We see that the carbon and oxygen levels vary systematically as the constants of Nature governing the position of the resonance levels are changed. If they are altered from their actual values we end up with large amounts of carbon or large amounts of oxygen but never of both. A change of more than 0.4 per cent in the constants governing the strength of the strong nuclear force or more than 4 per cent in the fine structure constant would destroy almost all carbon or almost all oxygen in every star.
Figure 8.6 The production of carbon and oxygen by stars if the constants of Nature governing the strengths of the electromagnetic and nuclear forces are changed by the indicated amounts.

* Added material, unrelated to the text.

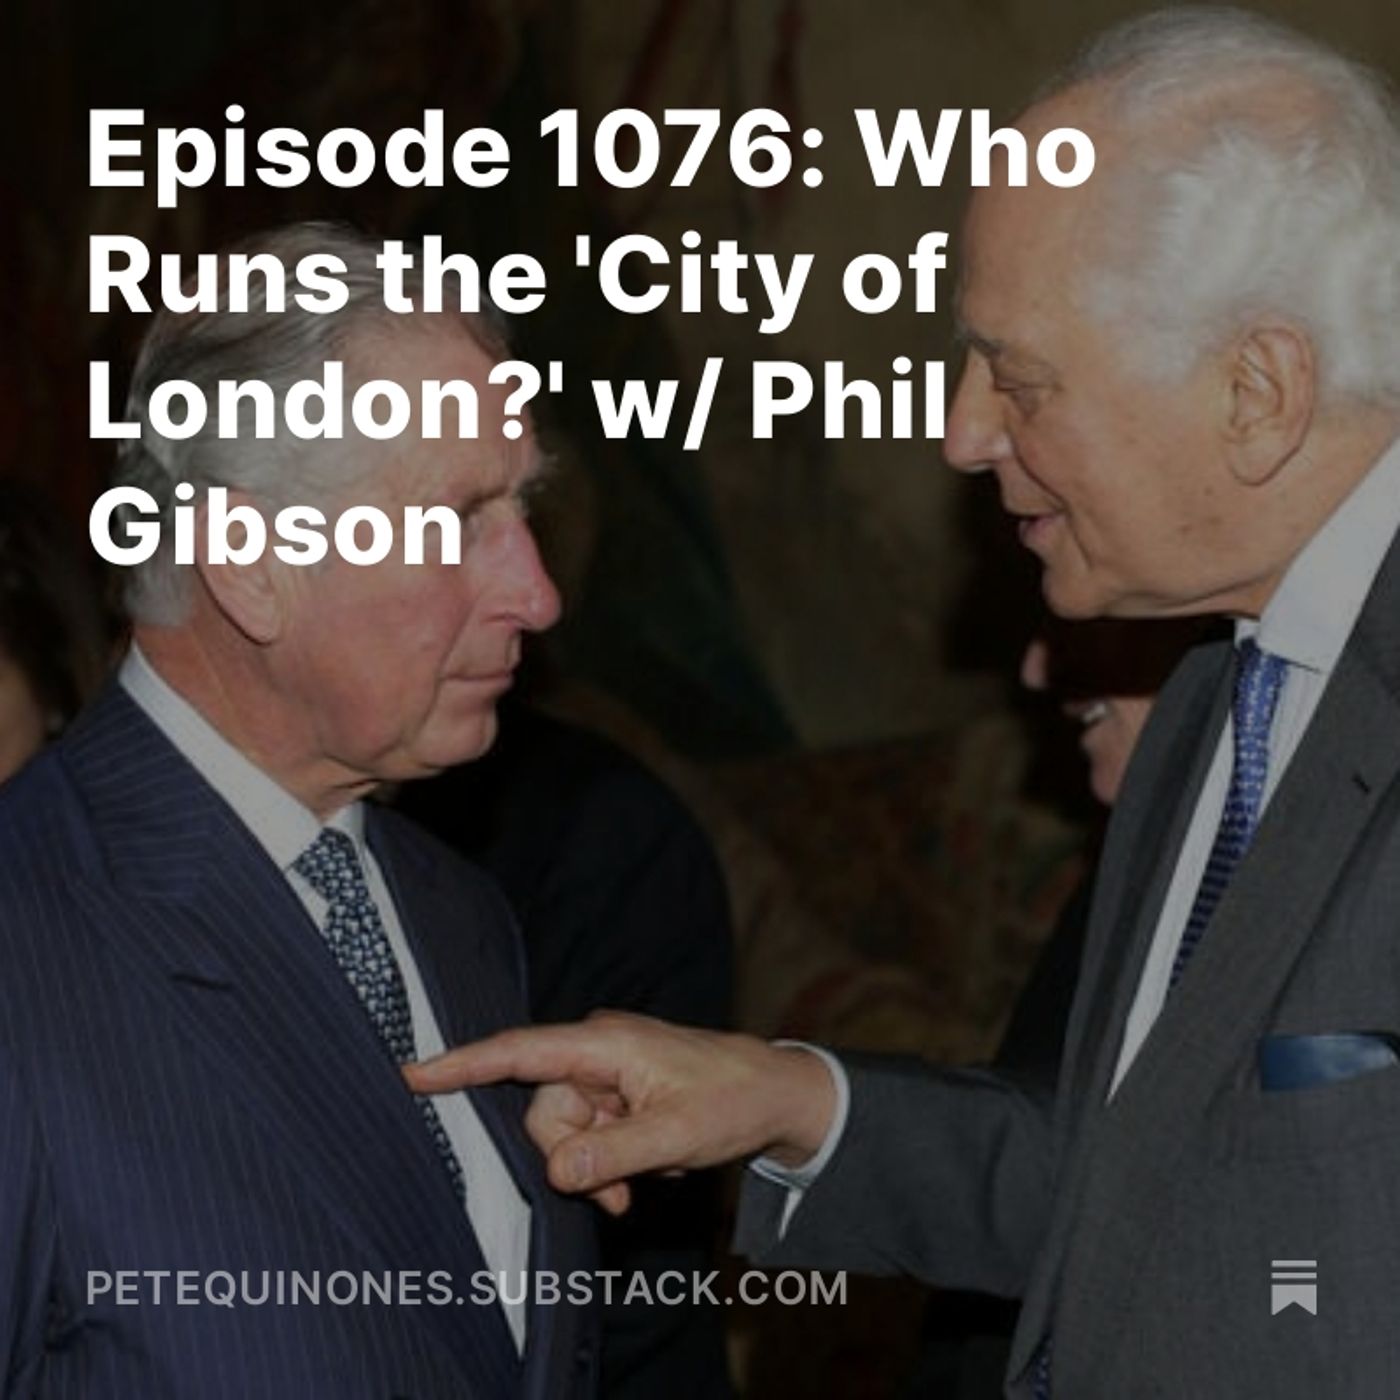 Episode 1076: Who Runs the 'City of London?' w/ Phil Gibson

Hoyle had been very struck by the carbon resonance-level coincidence and its implications for the constants of physics. Rounding off a discussion of the astrophysical origin of the elements, he wrote,17
‘But I think one must have a modicum of curiosity about the strange dimensionless numbers [constants] that appear in physics, and on which, in the last analysis, the precise positioning of the levels in a nucleus such as C12 or O16 must depend. Are these numbers immutable, like the atoms of the nineteenth-century physicist? Could there be a consistent physics with different values for the numbers?’

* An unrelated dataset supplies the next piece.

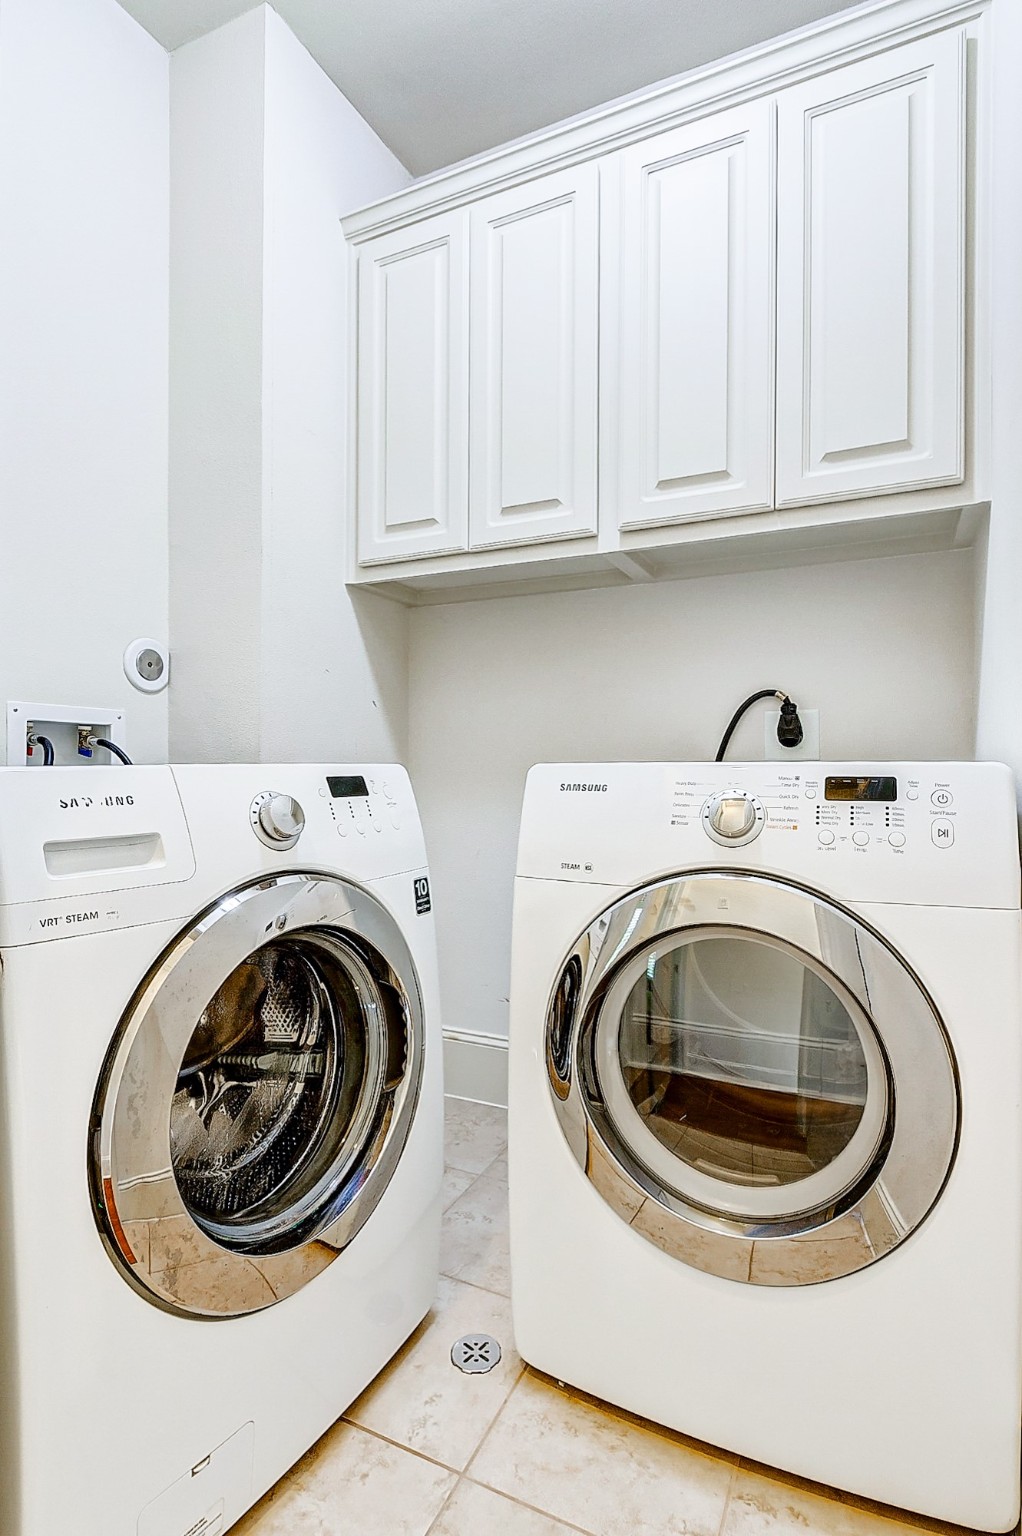 Your in-home utility room is conveniently located on the 3rd floor of your new home large enough to fit your favorite front or top load washer & dryer.

Hoyle sees two alternatives on offer: either we must seek to demonstrate that the actual values of the constants of Nature ‘are all entirely necessary to the logical consistency of physics’, or adopt the point of view that ‘some, if not all, the numbers in question are fluctuations; that in other places of the Universe their values would be different.’
At first, Hoyle favoured the second ‘fluctuation’ idea, that the constants of Nature might be varying, possibly randomly, throughout space so that only in some places would the balance between the fine structure constant and the strong force constant come out ‘just right’ to allow an abundance of carbon and oxygen. Thus, if this picture is adopted,18
‘the curious placing of the levels in C12 and O16 need no longer have the appearance of astonishing accidents. It could simply be that since creatures like ourselves depend on a balance between carbon and oxygen, we can exist only in the portions of the universe where these levels happen to be correctly placed. In other places the level on16 might be a little higher, so that the addition of α-particles to C12 was highly resonant. In such a place … creatures like ourselves could not exist.'
In the years that followed Hoyle gradually took a more deterministic view of the resonance level coincidences, seeing them as evidence for some form of pre-planning of the universe in order to make life possible:19
‘I do not believe that any scientist who examined the evidence would fail to draw the inference that the laws of nuclear physics have been deliberately designed with regard to the consequences they produce inside the stars. If this is so, then my apparently random quirks have become part of a deep-laid scheme. If not then we are back again at a monstrous sequence of accidents.’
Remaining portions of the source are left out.